§ **WHAT THE EXERCISE ASKS**
Reproduce each entry exactly as it reads. Leave the images out.
-=-=-=-=-
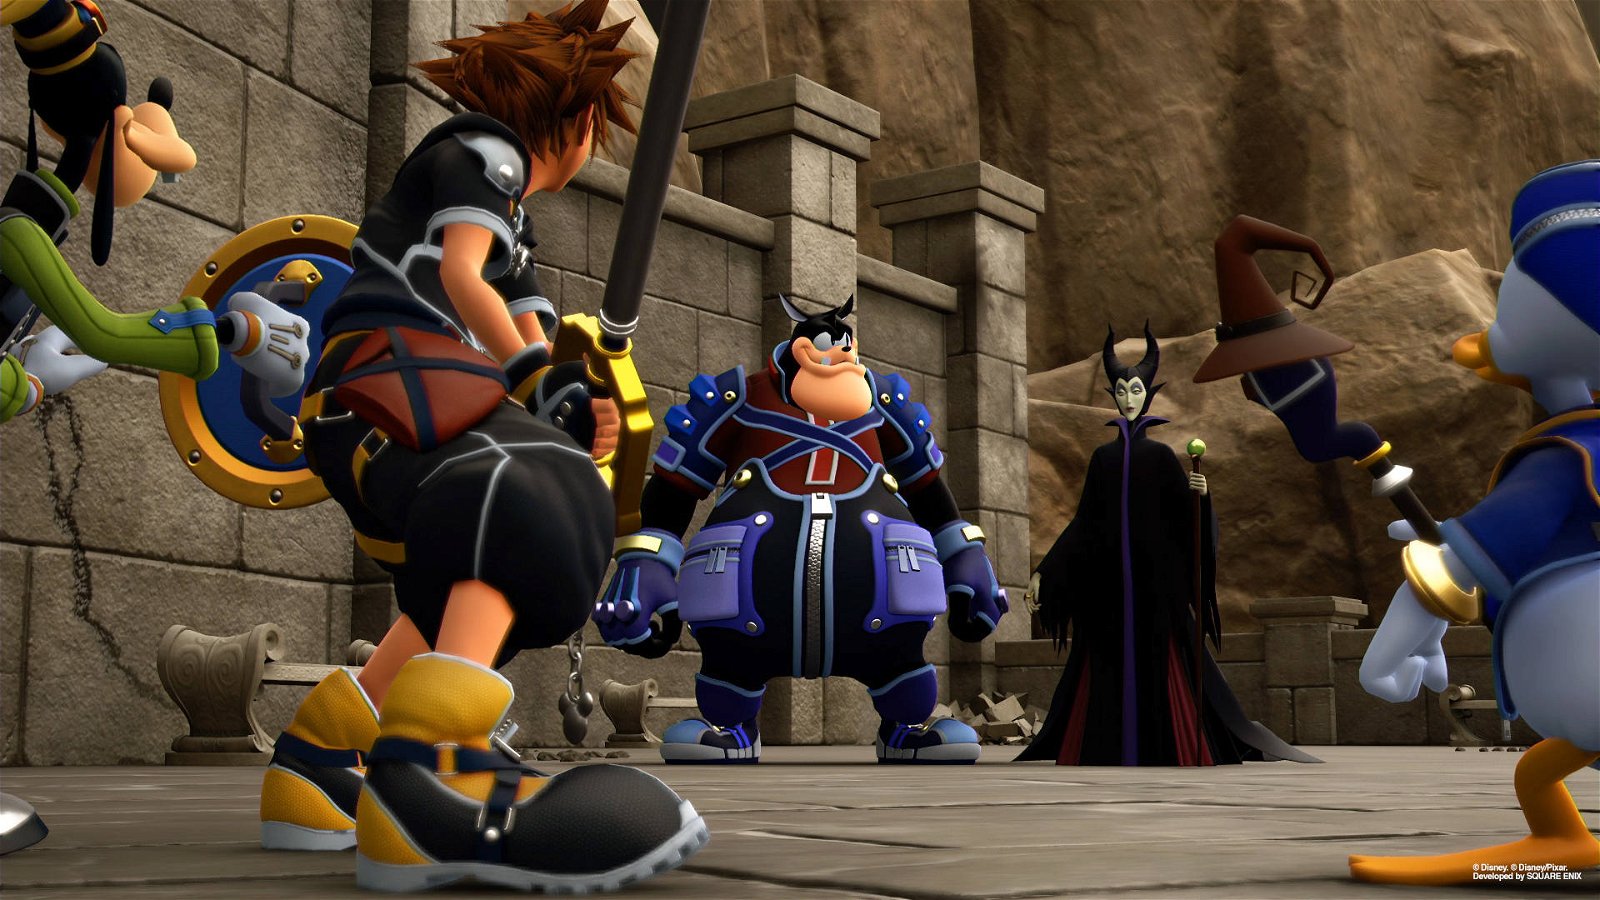 Immagine di Kingdom Hearts 3, i mondi Disney e quello che ci aspetta
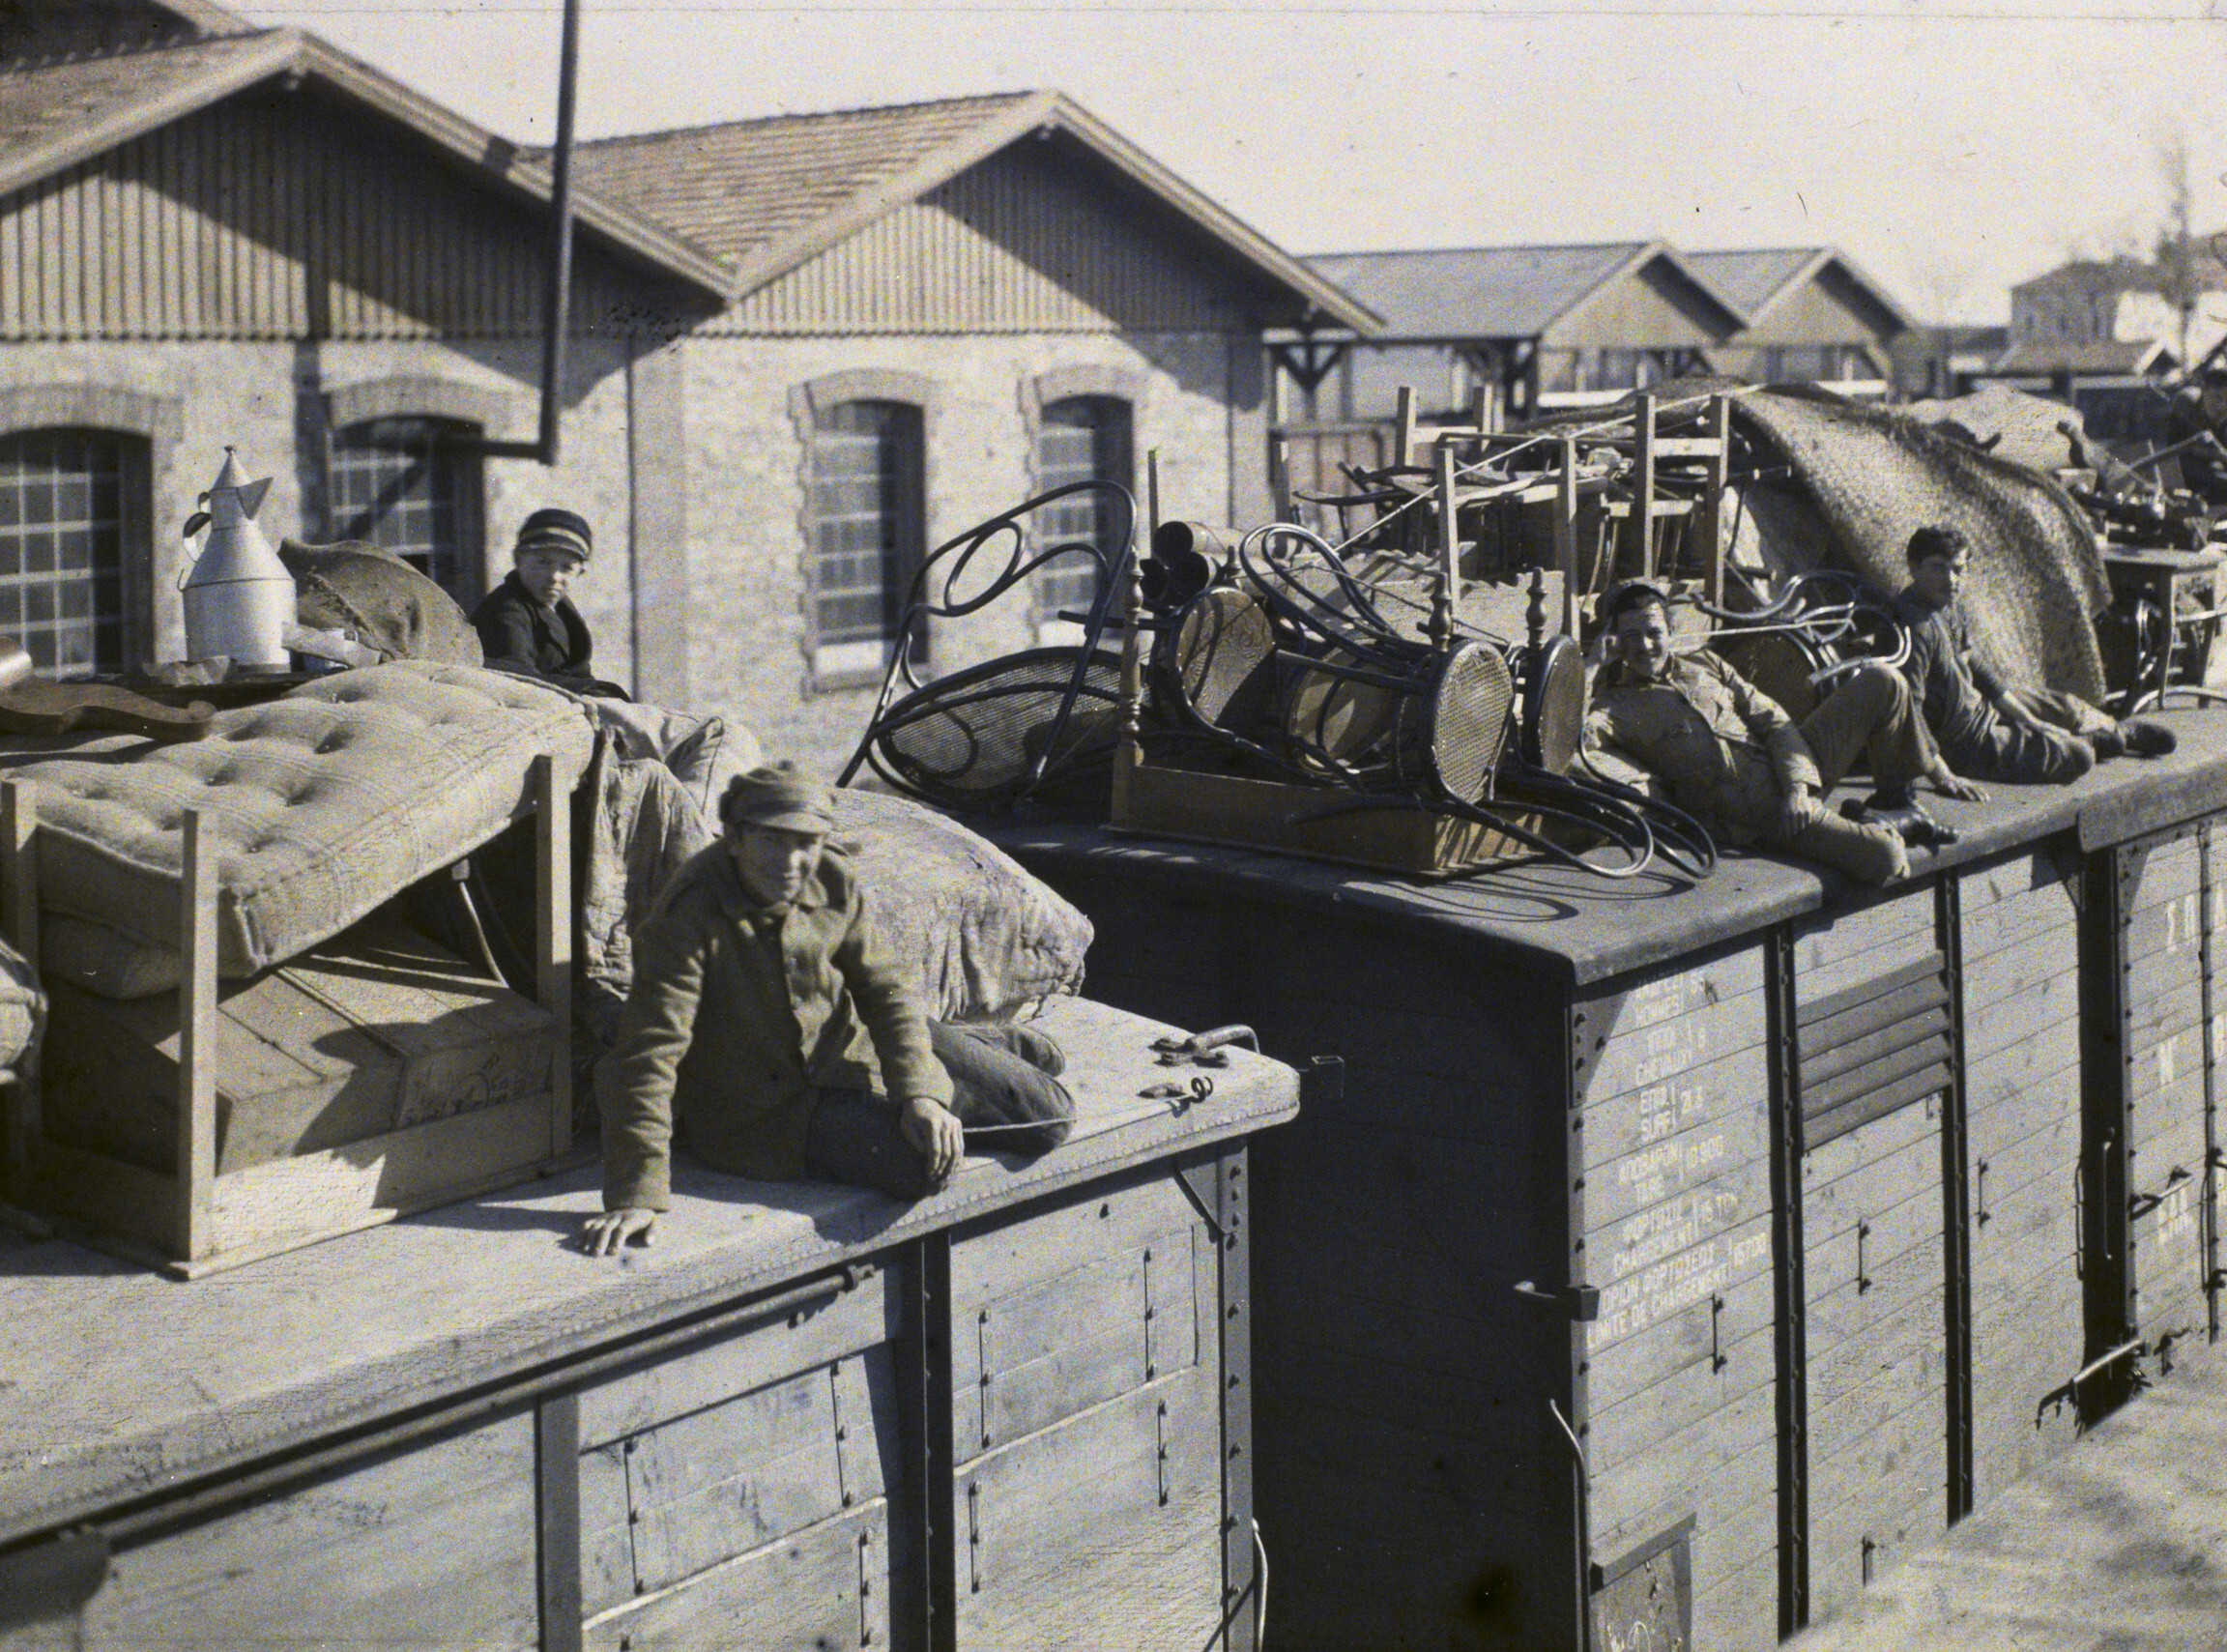 Адрианополь (Эдирне), Турция. Греки покидают город на крыше поезда, нагруженного мебелью, 1922 год, автор Фредерик Гадмер (автохром)
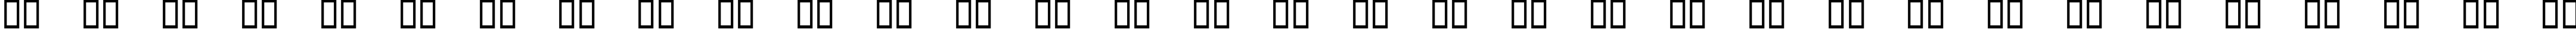 Пример написания русского алфавита шрифтом Lucida Stars
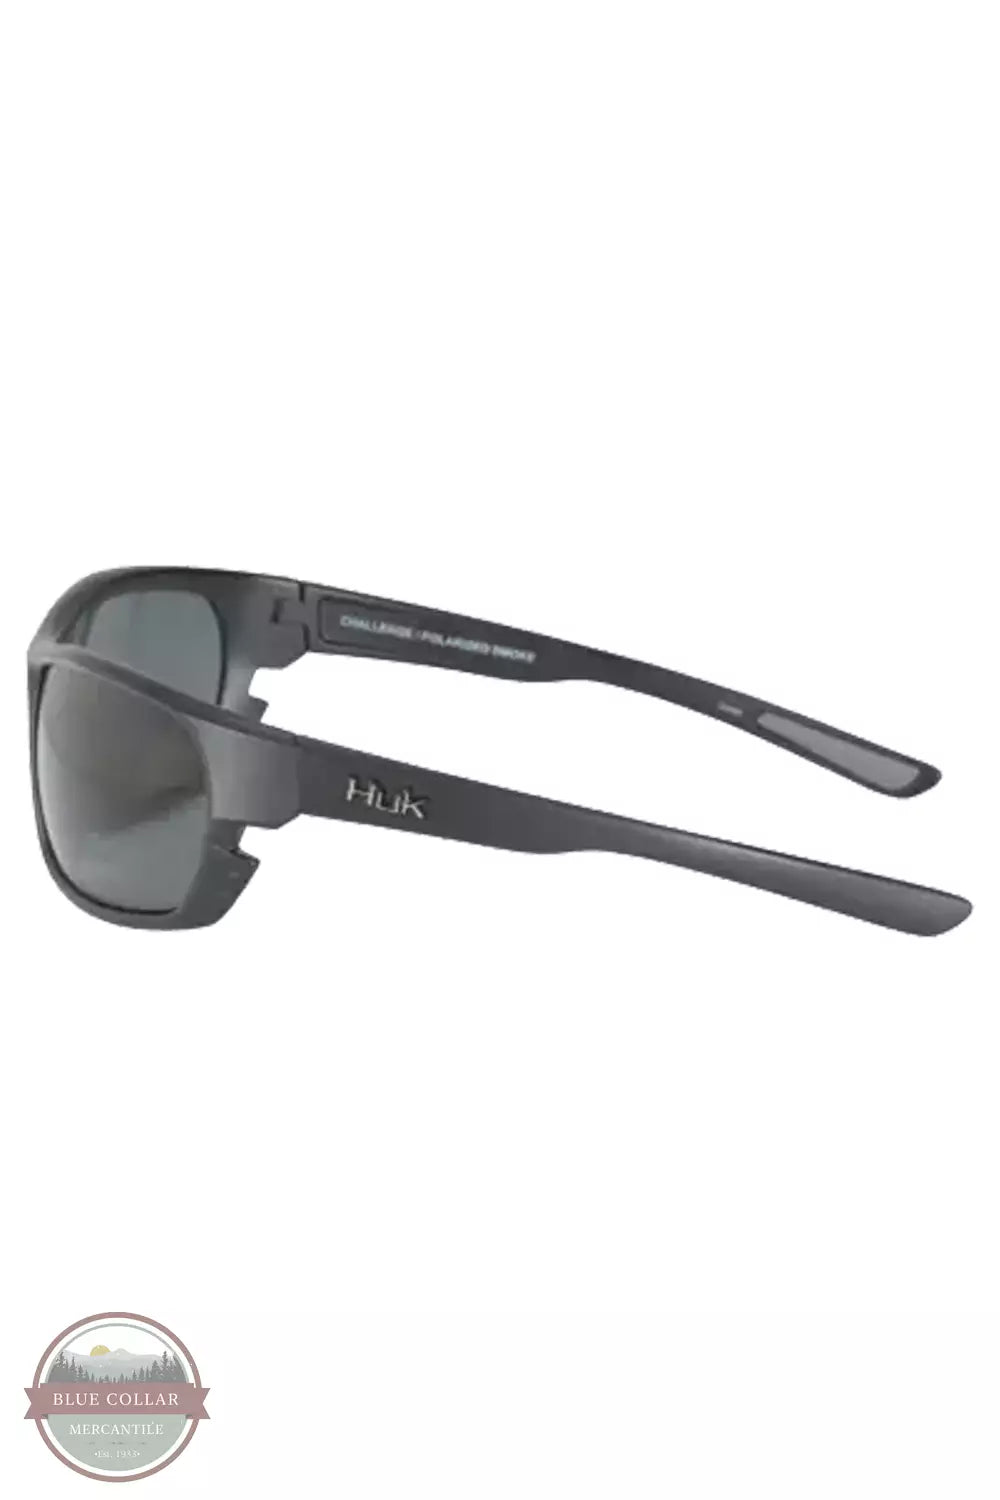 Huk E000024600101 Challenge Polarized Sunglasses in Matte Black Frame / Gray Lens Side View
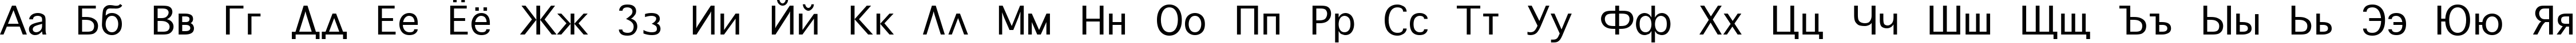 Пример написания русского алфавита шрифтом Geneva Plain:001.001
-=-=-=-=-
§ **EXERCISE ANSWER**
 Immagine di Kingdom Hearts 3, i mondi Disney e quello che ci aspetta
 Адрианополь (Эдирне), Турция. Греки покидают город на крыше поезда, нагруженного мебелью, 1922 год, автор Фредерик Гадмер (автохром)
 Пример написания русского алфавита шрифтом Lucida Stars
 Huk E000024600101 Challenge Polarized Sunglasses in Matte Black Frame / Gray Lens Side View
 Пример написания русского алфавита шрифтом Geneva Plain:001.001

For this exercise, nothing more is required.